Однако его планы устроения некой торговой идиллии мгновенно разрушила Авдотья, которая, коротко и страшно махнув ногой, дала ему сильного пинка под зад. Словно лавину она стронула на исполинских вершинах, грозный камнепад. Но мужик был несказанно мал перед теми исполинскими и исполненными чудовищного драматизма образами, которые Авдотья ворохнула и заставила производить мощные выбросы энергии перед глазами изумленных очевидцев своим грозным телодвижением. Он не выразил своего отношения к Авдотье как к богине, ставшей творить метафизические беспорядки в его скупом на духовные поползновения мирке, а, скорее всего, у него и не было ясного разумения, что он именно так относится к ней, и в первую голову малый сей с некоторой даже ловкостью, с какой-то изощренной простотой смекнул, что пора сматывать удочки. Под смех Обузова он припустил к лестнице. Обузов улюлюкал и свистел, как мальчишка, гоняющий уличных котов. Змееподобный бежал и, уже на ходу, вперемежку с учащенным дыханием, даруя себе какое-то глубокое и отчасти романтическое обдумывание случившегося, приходил к утешительному выводу, что это случившееся вполне подвластно объяснению и если его действительно попытаться объяснить, то непременно выйдет, что оно как раз и ничего, или, говоря полнее, в аккурат то и выходит, что ничего страшного и непоправимого не случилось. В подтверждение этого вывода ощущалась мужиком тугая пачка ассигнаций в кармане штанов. Не только быстрый бег, это стремительное убегание от разъяренной бабы действовало на него успокоительно, но и в том, как он странно, чересчур громко и взволнованно, как бы чуждо самому себе дышал, заключалось нечто целебное, исцеляющее сознанием, что так не дышит человек, вполне освоивший привычки и навыки своей единственной и неповторимой жизни, и, следовательно, он выброшен из обычного ряда вещей, а раз так, то уж не иначе как и поднят в чудесный заоблачный мир.

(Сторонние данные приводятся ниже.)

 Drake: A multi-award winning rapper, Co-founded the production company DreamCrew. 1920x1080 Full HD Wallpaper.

Авдотья стала теперь угрюмей прежнего. Они сидели в номере, глядя на сползающего со стула водителя. Лоскутников сказал:

- Хотелось бы жить иначе, но не получается. Мы трое, - он указал на себя, Буслова и Чулихина, - знаем, что надо жить иначе.

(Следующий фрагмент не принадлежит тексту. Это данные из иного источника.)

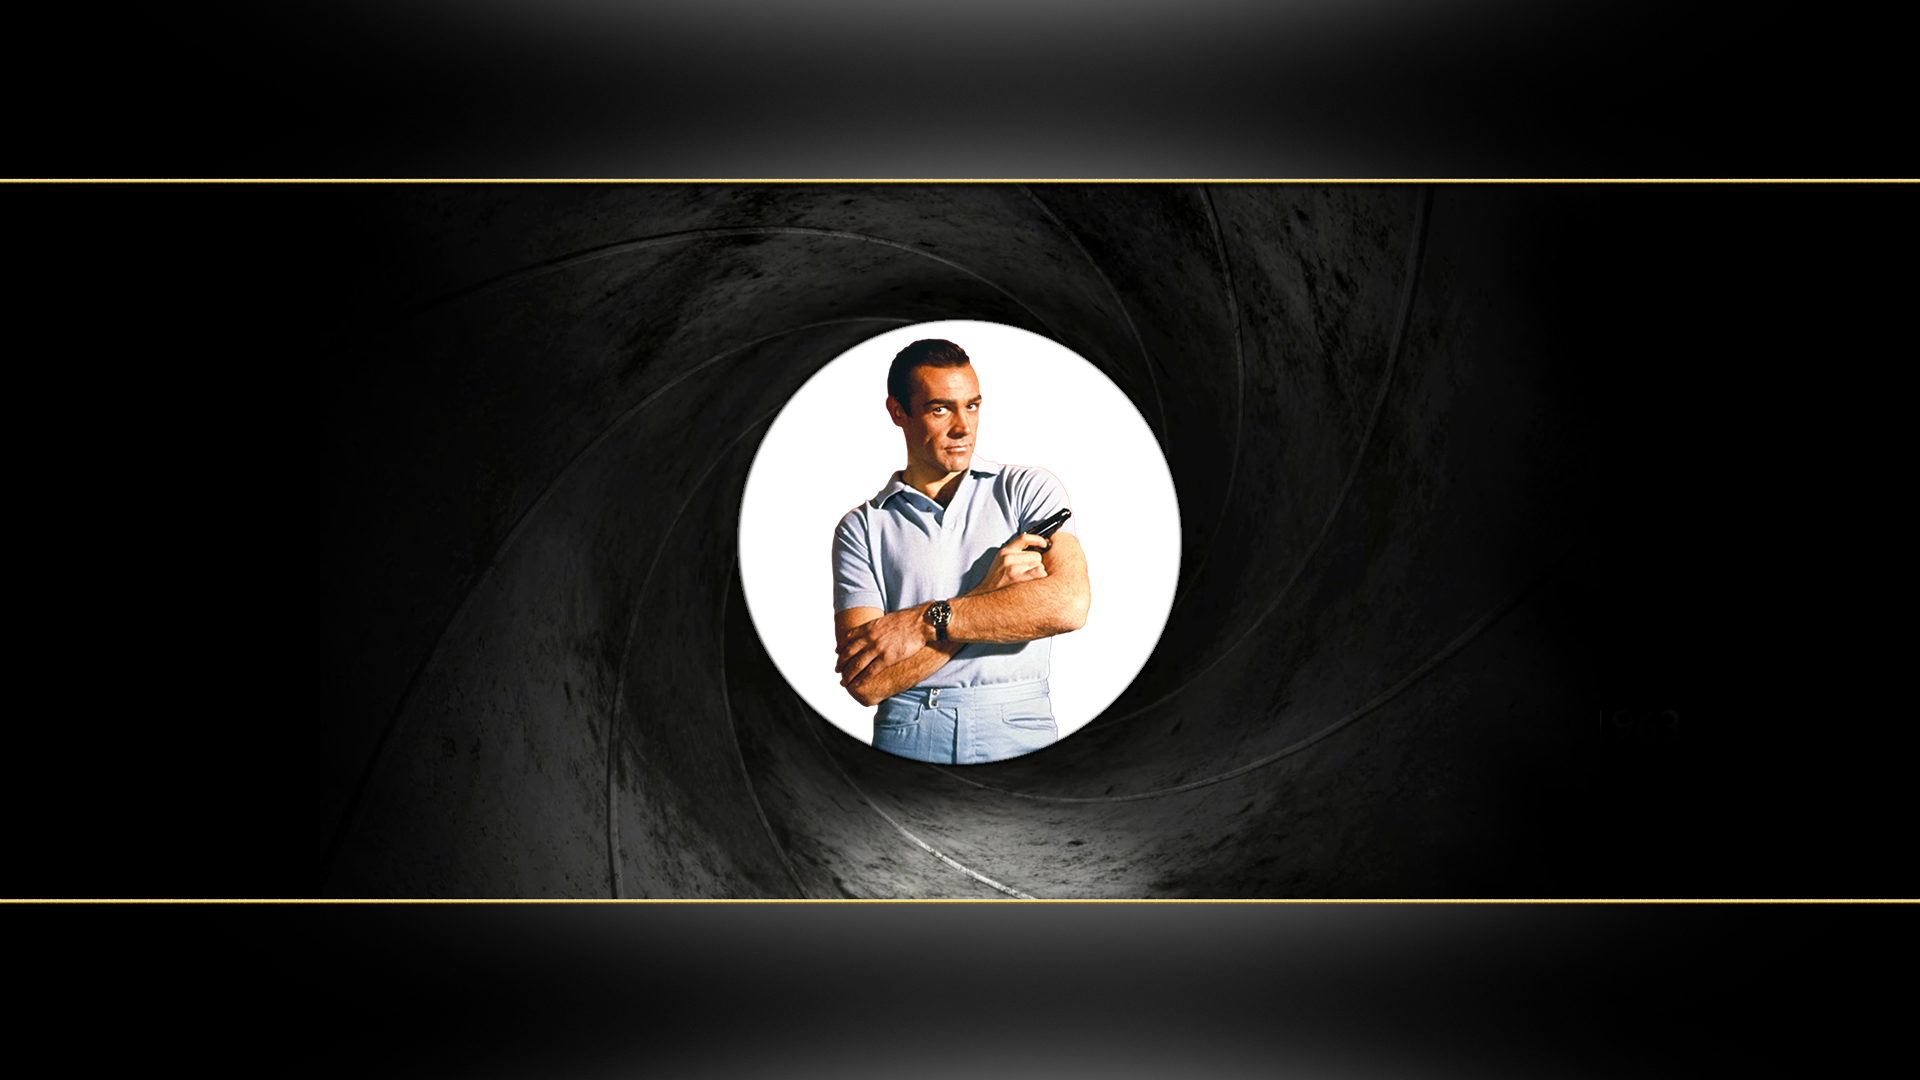 Movie Dr. No HD Wallpaper | Background Image

- Да кто же этого не знает! - отрывисто бросил Обузов.

- Но мы не знаем, как.

- И я не знаю.

В том, что называлось разумом Авдотьи и даже, по странному стечению обстоятельств, выглядело таковым, выросло особое самопознание, постижение себя, разума, уже не в облике предельной простоты, могущей быть и нелепой, и славной, а какого-то гладкого, как бы лакированного предмета, вроде отменно выделанной шкатулочки, которой издали любой наверняка залюбуется, но в которую, однако, присутствующие, а с ними и изменник муж, поспешили напихать всякой дряни, объявляя ее достойными осмеяния суевериями и пошлыми выдумками. Она роскошна, она величава, она даже женственна, а они, словно бы творя философию, но в действительности все искажая, называют ее убогой старухой, жалким юнцом с птичьей грудью, полоумным старцем и требуют ее удаления из храма. Она занимает определенное место, пусть не райское, а все же достойное, а они домогаются ее изгнания, представляя дело таким образом, что на занимаемом ею месте именно что и возникнет рай, как только она его покинет.

- Ваше безверие устрашает, - сказала Авдотья громко и отчетливо.

- Мое и моих друзей? - уточнил Лоскутников.

- Тут речь об ересях... - вдруг с какой-то болезненной интуитивностью угадал Чулихин. - Она указывает на ереси...

Обузов чувственно воскликнул:

- Она и есть первая еретичка!

Он облизывался и смотрел на жену бывалым инквизитором.

- Вы не верите даже в самые простые и очевидные вещи, - возразила женщина.

- А твоя вера, если ее можно назвать таковой, некрасива, как изба с тараканами, - сказал жене толстосум. - Они ищут красоту, а ты, никогда ничего не искав, нашла... ты всегда только шарила вокруг себя в поисках вещей простых и очевидных, и вот, поди ж ты, нашла!.. Благодаря мне, разумеется. Живешь как в раю, тварь. В отличных хоромах живешь, ешь сладко, спишь гладко. Но твоя душа заросла чертополохом. И все потому, - горестно и с несколько простодушным видом повествовал Обузов, - что тебя воспитали в суевериях.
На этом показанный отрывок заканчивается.